Tei Junsoku - Life and Career

Life and Career

Tei Junsoku was born in Kumemura, the Okinawan center of classical Chinese learning, in 1663. He first journeyed to China in 1683 and stayed there for four years, studying the Confucian classics, among other subjects, just as many others raised and educated in the scholar-bureaucrat system in Kumemura did over the course of the kingdom's history. He would return to China several times during his career, serving as interpreter and in other roles as a member of official missions from the kingdom.

In 1714, he accompanied royal princes Yonagusuku and Kin in the kingdom's official tribute mission to Edo (琉球江戸上り, Ryūkyū Edo nobori?), the seat of Japan's Tokugawa shogunate. While there, he met with a number of the top Confucian scholars in Tokugawa Japan, including Arai Hakuseki, chief advisor to the shogun, who is known to have had a particular interest in the exotic Ryūkyū Kingdom, Ogyū Sorai, and Sōrai's student Dazai Shundai. As a result of this meeting, Hakuseki would go on to write a History of the Southern Islands (南島史, nantōshi?) in 1719; Shundai would likewise include comments about the Ryūkyū Kingdom and its relationship to Satsuma han in his works.

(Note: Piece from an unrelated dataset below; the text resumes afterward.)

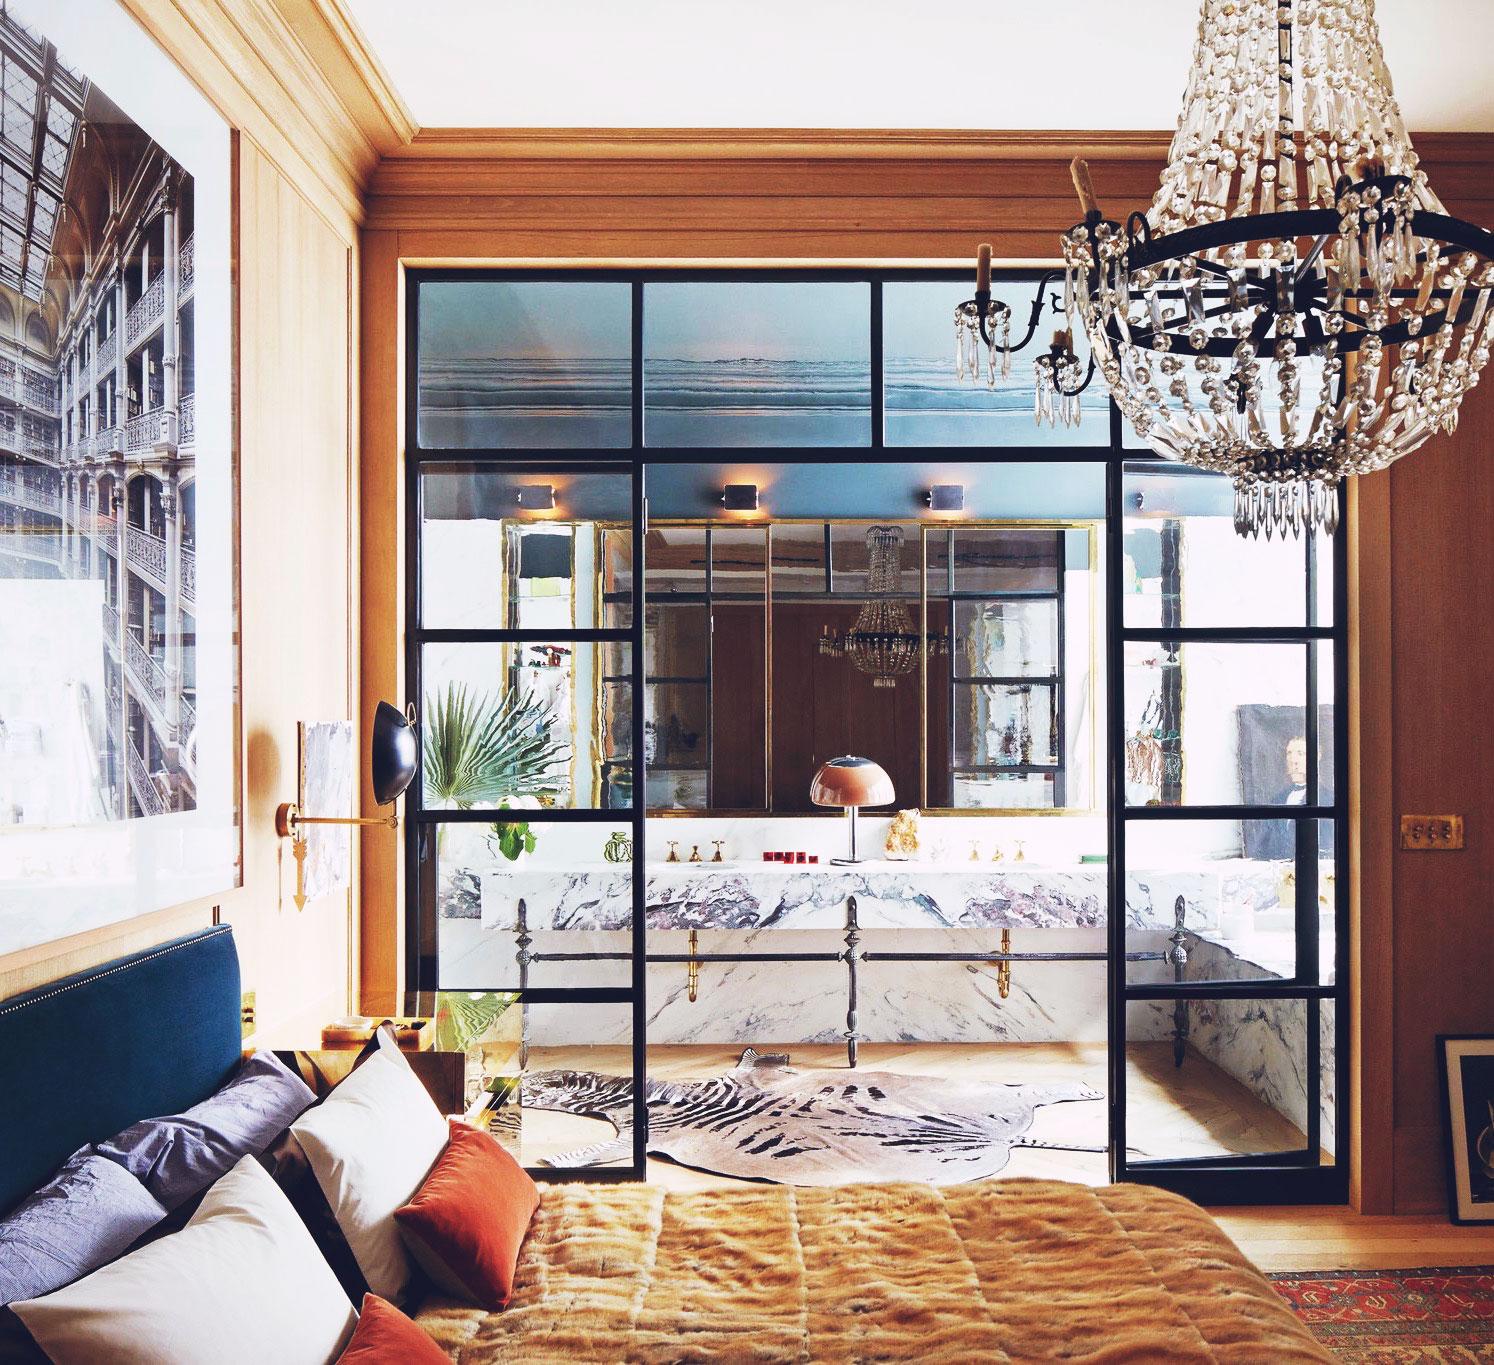 Décor Inspiration: Jenna Lyons's SoHo Loft

As magistrate of Kumemura, Junsoku oversaw in 1718 the establishment of the Meirindō, a school for study of the Chinese classics, on the grounds of the village's Confucian temple. The Meirindō quickly grew into the chief center for Chinese learning in the kingdom, and would later become the first public school in Okinawa prefecture. A stele dedicated to Junsoku stands in the rebuilt and relocated Confucian temple today.

Some time shortly thereafter, Junsoku presented to the shogun, Tokugawa Yoshimune, via Satsuma, a copy of Six Courses in Morals (六諭衍義, rikuyuengi?), a volume of Confucian maxims he compiled himself. A version annotated by Ogyū Sōrai and translated from the Chinese by shogunal advisor Muro Kyūsō would be reproduced and distributed and used as an element of textbooks in terakoya (temple schools) and later in public schools in Japan into the early 20th century.